Phase 4: Code Quality¶

4.1 Remove Unused Imports¶

Status: ✅ Complete

Known issues: - training.py:10 - from pymol.querying import distance unused

Solution: - [x] Removed unused import

4.2 Fix NaN Handling¶

Status: Deferred

Problem: vampnet.py replaces NaN outputs with zeros (masking the problem)

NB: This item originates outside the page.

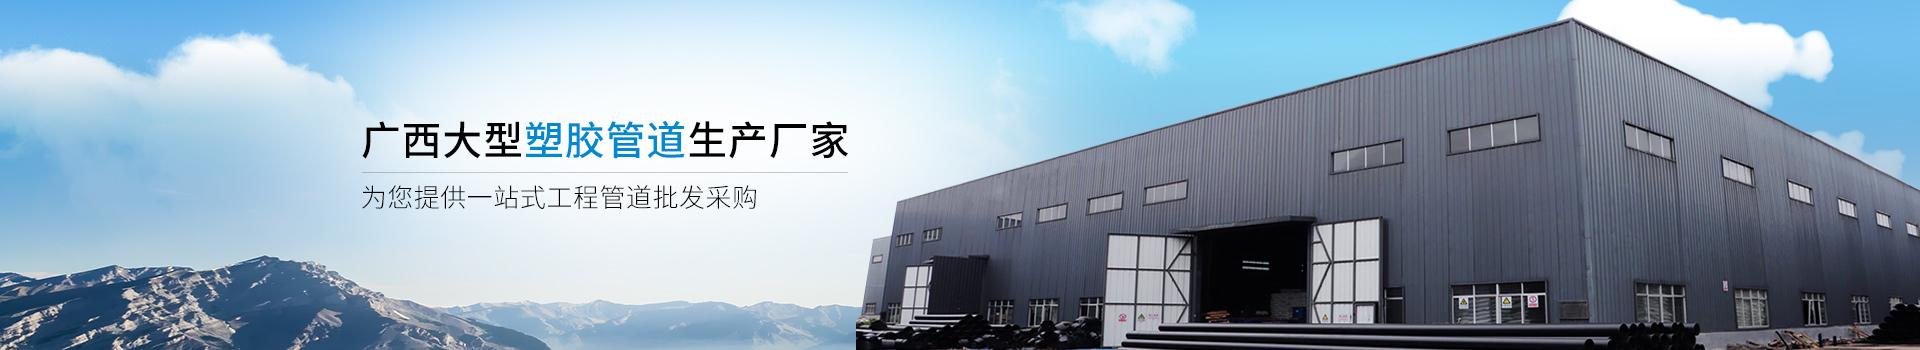 铭塑管业-广西大型塑胶管道生产厂家

Solution: Investigate root cause of NaN generation

Task Priority¶

Priority	Task	Effort	Impact	Status
~~1~~	~~Fix config imports (blocking)~~	~~Low~~	~~Critical~~	✅ Done
~~2~~	~~Remove deleted modules~~	~~Trivial~~	~~Low~~	✅ Done
~~3~~	~~Fix hardcoded CUDA~~	~~Trivial~~	~~Medium~~	✅ Done
~~4~~	~~Remove unused imports~~	~~Trivial~~	~~Low~~	✅ Done
~~5~~	~~Create preset files~~	~~Medium~~	~~Medium~~	✅ Done
~~6~~	~~Complete MetaConfig/ML3Config~~	~~Medium~~	~~Medium~~	✅ Done
~~7~~	~~Non-continuous trajectory support~~	~~Medium~~	~~High~~	✅ Done
~~8~~	~~Merge dataset files~~	~~Medium~~	~~Medium~~	✅ Done
9	Integrate ML3 encoder	Medium	High	Pending

Progress Tracker¶

Completed¶

[x] Read and analyze codebase
[x] Created CODEBASE_SUMMARY.md
[x] Created DEVELOPMENT_PLAN.md (this file)
[x] Phase 1: Critical Fixes (config imports, CUDA hardcoding)
[x] Phase 2.1: Merge dataset files (old files → legacy/, unified → vampnet_dataset.py)
[x] Phase 2.2: Remove deleted modules (psevo/, viz/)
[x] Phase 3.2: Complete config presets (medium.py, large.py)
[x] Phase 3.3: Non-continuous trajectory support (vampnet_dataset.py, base_config.py)
[x] Phase 4.1: Remove unused imports (pymol)

In Progress¶

[ ] Phase 3.1: Integrate ML3 encoder

Pending¶

[ ] Phase 4.2: Fix NaN handling (deferred)

Last updated: 2026-02-04